While much of the circulating narrative suggests that GBP/USD has plummeted on Brexit worries, the new UK PM told reporters that there was “ample scope” to make a deal.

The Guardian published a video interview with Boris Johnson in which he said the aim is to reach a deal, reiterating that a no-deal Brexit was a last resort. He added that although there is no change in the position of European leaders, the communication has been “very, very positive”.

Johnson revealed that he is not even considering negotiating the Irish backstop. He is seeking to make a new deal and stated that the current “withdrawal agreement as it stands is dead”.

On the data front, US inflation figures will be released in the North American session along with Consumer confidence figures. As GBP/USD has mostly been influenced by UK politics, it does not seem likely that this data will have much of an influence.

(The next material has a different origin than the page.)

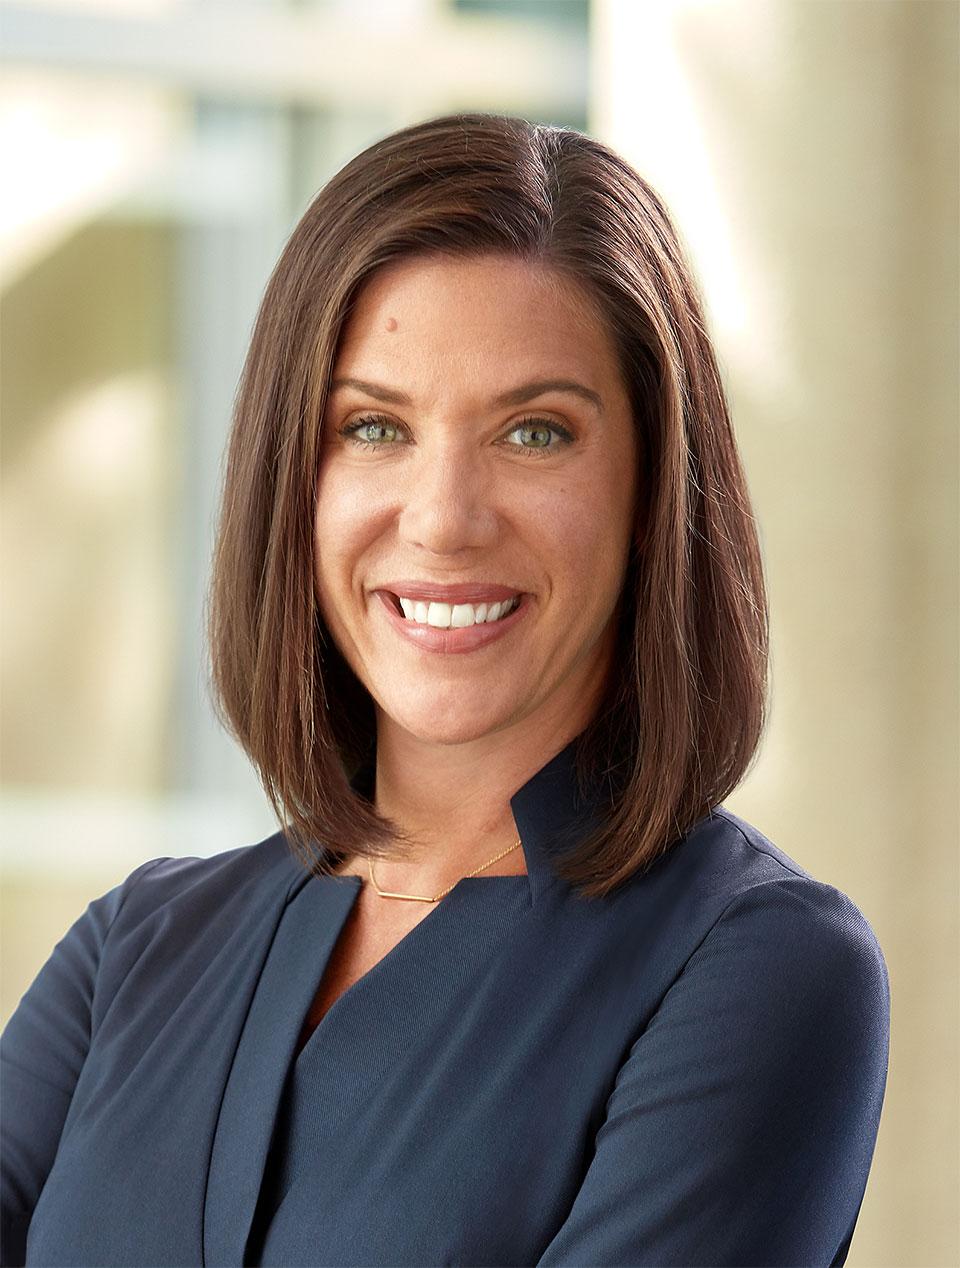 Corie Barry CEO of Best Buy

Rather, market participants will continue to monitor Brexit developments as headline risk certainly appears heightened. As well, the bigger catalyst for a meaningful move in GBP/USD is likely to be Wednesday’s Fed meeting where the US central bank is largely expected to cut rates.

Technical Analysis

Sterling was already the weakest major currency for July before this week started. The early week tumble now has it trading at fresh yearly lows against almost all major currencies.

The exception is the Japanese yen, and that is only because of the yen flash crash near the start the year. On a daily close basis, GBP/JPY is well below the early year low.

GBPUSD Hourly Chart
GBPUSD Hourly Chart

The British pound is clearly a weak currency but I don’t think it is worthwhile chasing it lower. For starters, there is a fairly important support level that comes into play at 1.2155. This level held the pair higher on several attempts between late 2016 and early 2017.

To the upside, I’m looking at resistance at 1.2300. I expect that sellers will look to defend the level, at least ahead of Wednesday’s Fed meeting.

Bottom Line

  • GBP/USD has extended losses to fresh 2-year lows.

  • Support at 1.2155 is in play. While the pair dipped below it earlier today, buyers have brought the exchange rate back above it.

  • Resistance at 1.2300 is likely to hold sellers.